MENU=`echo "\033[36m"` #Blue
RED_TEXT=`echo "\033[31m"`
NORMAL=`echo "\033[m"`
RED=`echo "\033[01;31m"`
GREEN=`echo "\033[01;32m"`
YELLOW=`echo "\033[01;33m"`
PURPLE=`echo "\033[01;35m"`
CYAN=`echo "\033[01;36m"`
WHITE=`echo "\033[01;37m"`
BOLD=`echo "\033[1m"`
UNDERLINE=`echo "\033[4m"`

############################################################################################################
############################################### USAGE ######################################################
############################################################################################################
usage()
{
echo -e  "
${BOLD}
Usage: pic-migration -i inputfile -t threads [-h mongohost] [-d dbname] [-p port]
${NORMAL} 
${PURPLE}  -i ${NORMAL}    : Input file with id list
${PURPLE}  -t ${NORMAL}         : Number of parallel threads (default 4)
${PURPLE}  -h ${NORMAL} : Mongo server hostname (default hostname)
${PURPLE}  -d ${NORMAL} : Mongo database name  (default dbname)
${PURPLE}  -p ${NORMAL} : Mongo port  (default 27108)

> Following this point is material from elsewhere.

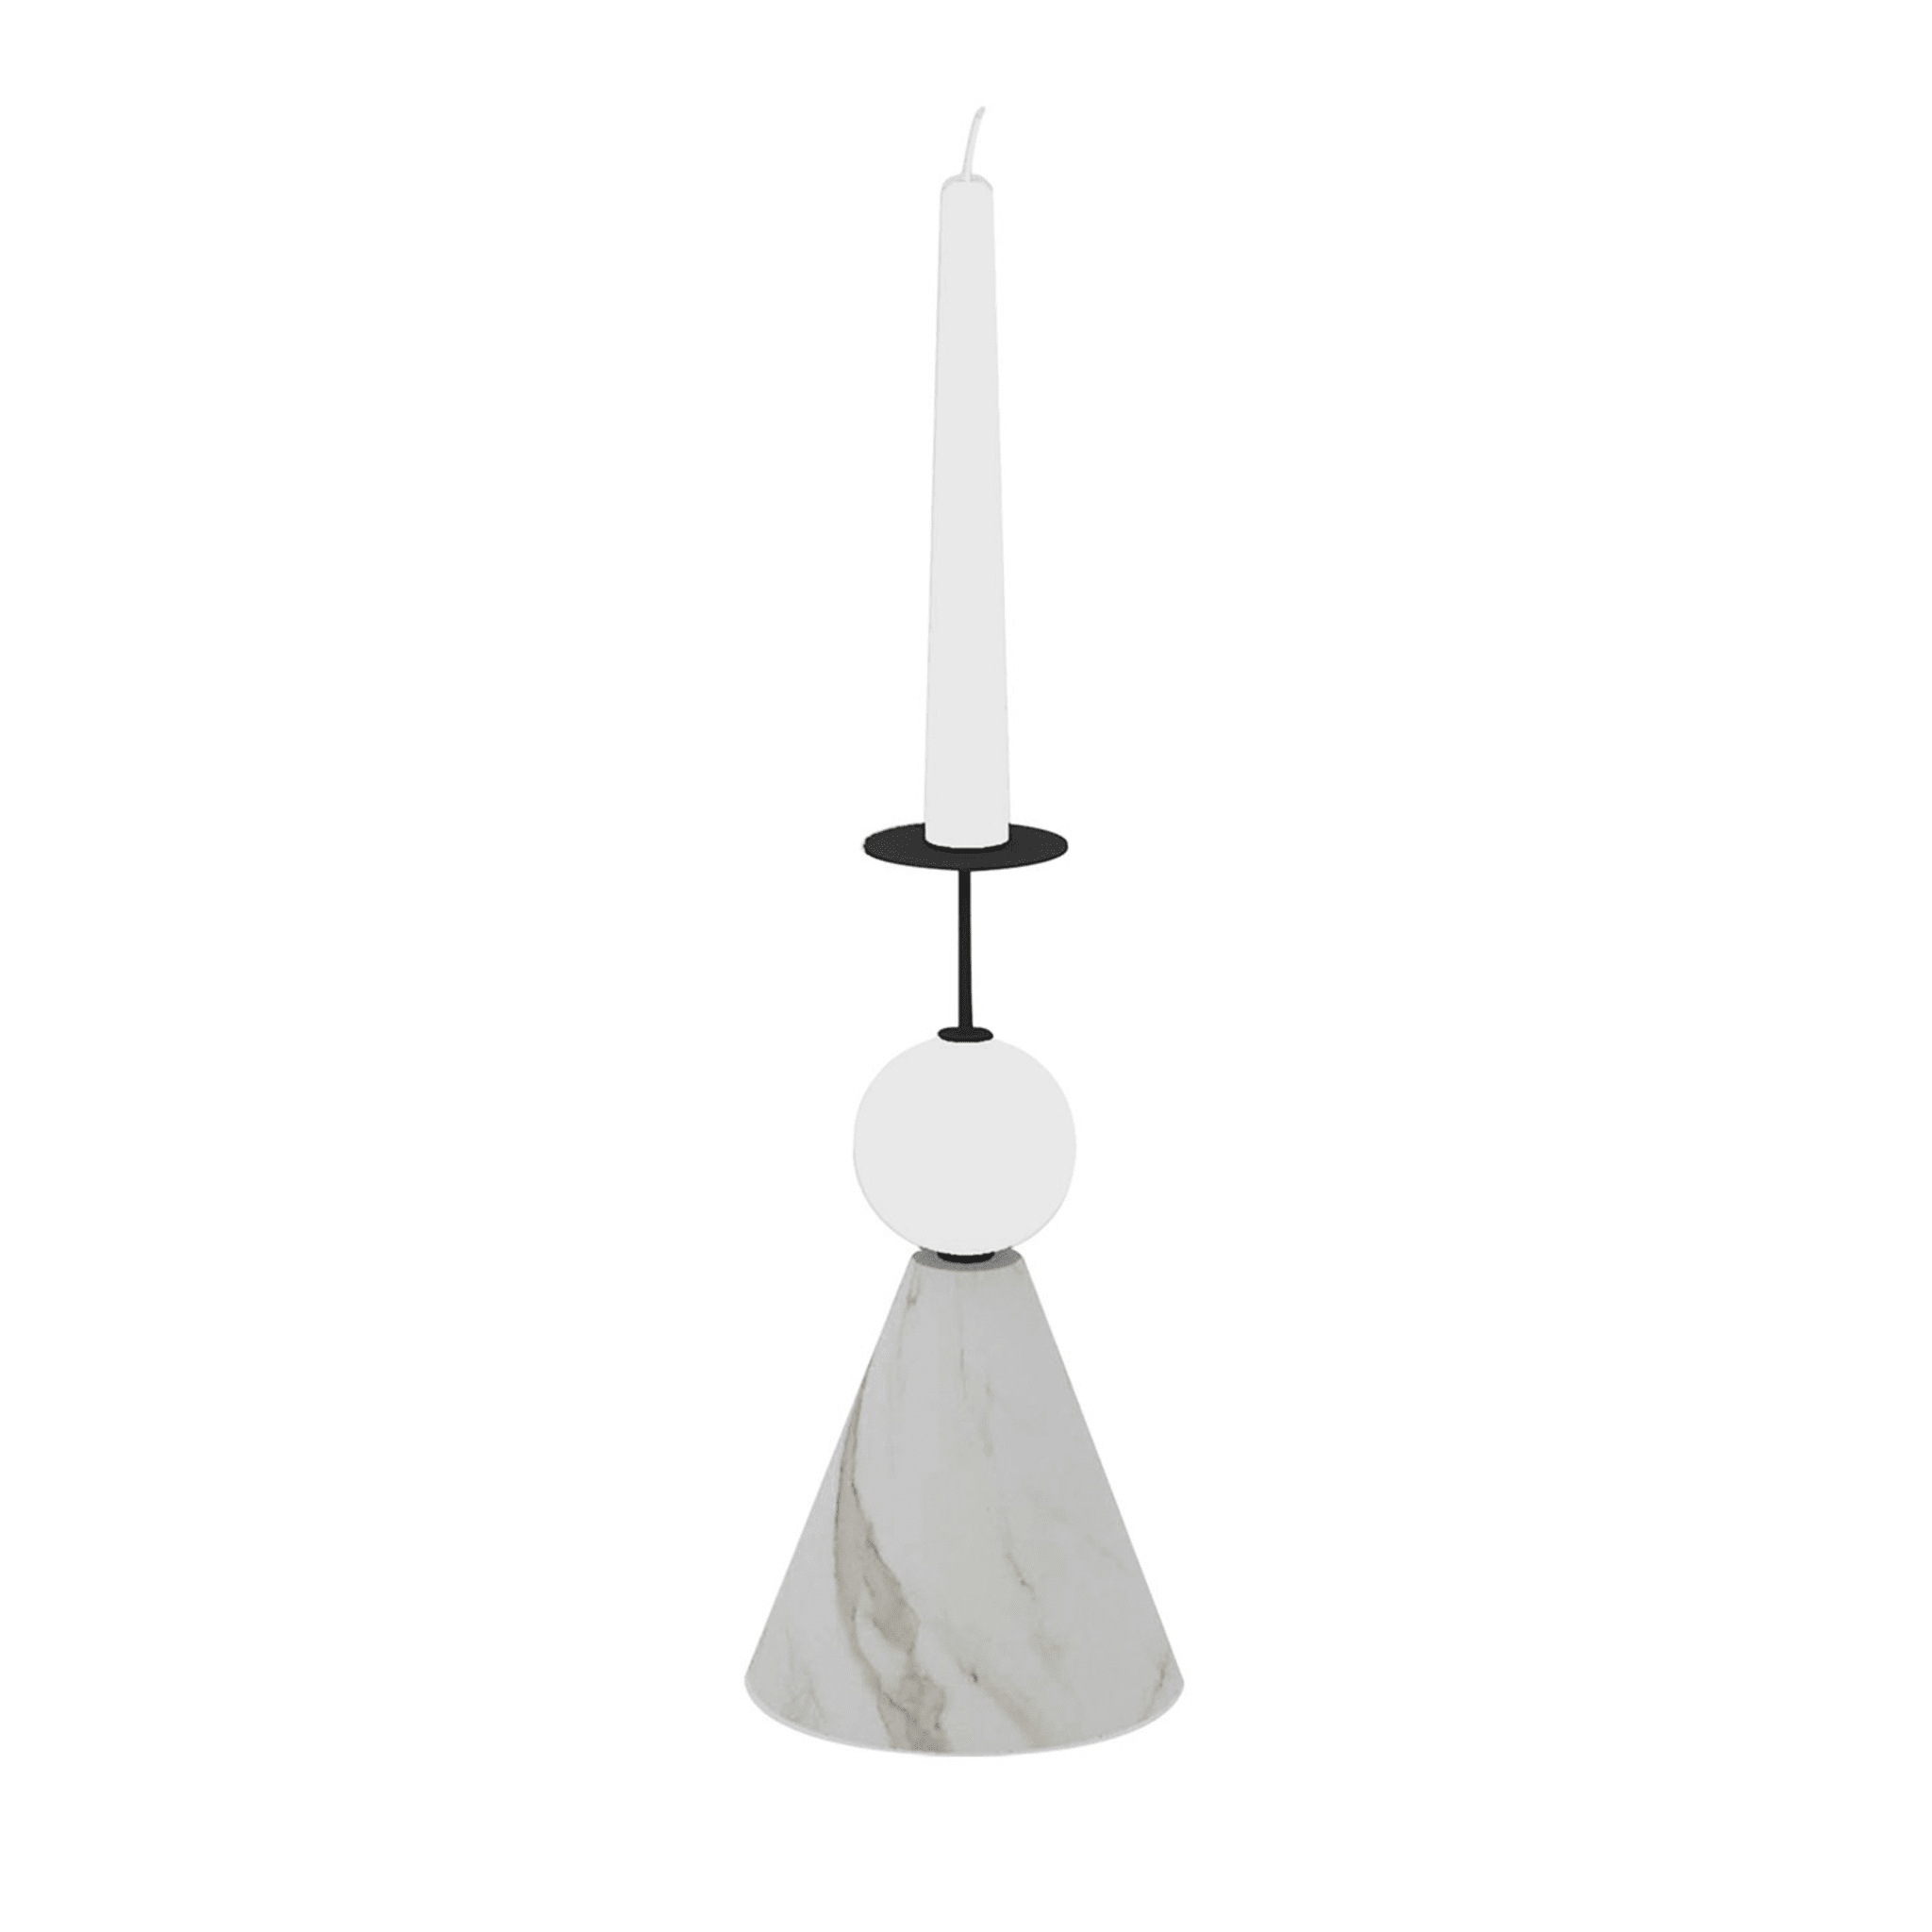 Raccontami Weißer Carrara, Schwarzer und weißer konischer Kerzenständer - Hauptansicht

 ${GREEN} Example : ${NORMAL}
    ./pic-migration -i=inputfile -t=<threads count>  -h=<host> -d=<db> -p=<port#>
or
            ./pic-migration -i=inputfile
  "
}
##################################################################################################################
######################################### INPUT VALIDATION  ######################################################
##################################################################################################################

if [ "$#" -eq 0 ]
then
   usage
   exit 0
fi

mongohost=<hostname>
dbname=<dbname>
port=27108
thread_count=4
mpath=/mongo/sw/mongo-3.0.1/bin
picpath=/opt/pic
usr=testuser
pwd=user1234

pause()
{
echo -e "Press ${BOLD} any key to exit ${NORMAL} "
read -p "                "
}


#echo "$#"

#echo "$@"

if [[ "$#" > 0 ]]; then
  for i in "$@"
  do
#        echo  "$i"
case $i in

-i=*|--inputfile=*)
                  inputfile="${i#*=}"
                        shift # past argument=value
                        ;;
-t=*|--threads=*)
                        thread_count="${i#*=}"
                        shift # past argument=value
                        ;;
    -h=*|--mongohost=*)
    mongohost="${i#*=}"
    shift # past argument=value
    ;;
    -d=*|--dbname=*)
    dbname="${i#*=}"
    shift # past argument=value
    ;;
    -p=*|--port=*)
    port="${i#*=}"
    shift # past argument=value
    ;;
    *)
          echo "input error.."
usage
    exit
    ;;
esac
   done
fi

TS=./log/pic_downloaded_$(date +"%m-%d-%y-%T")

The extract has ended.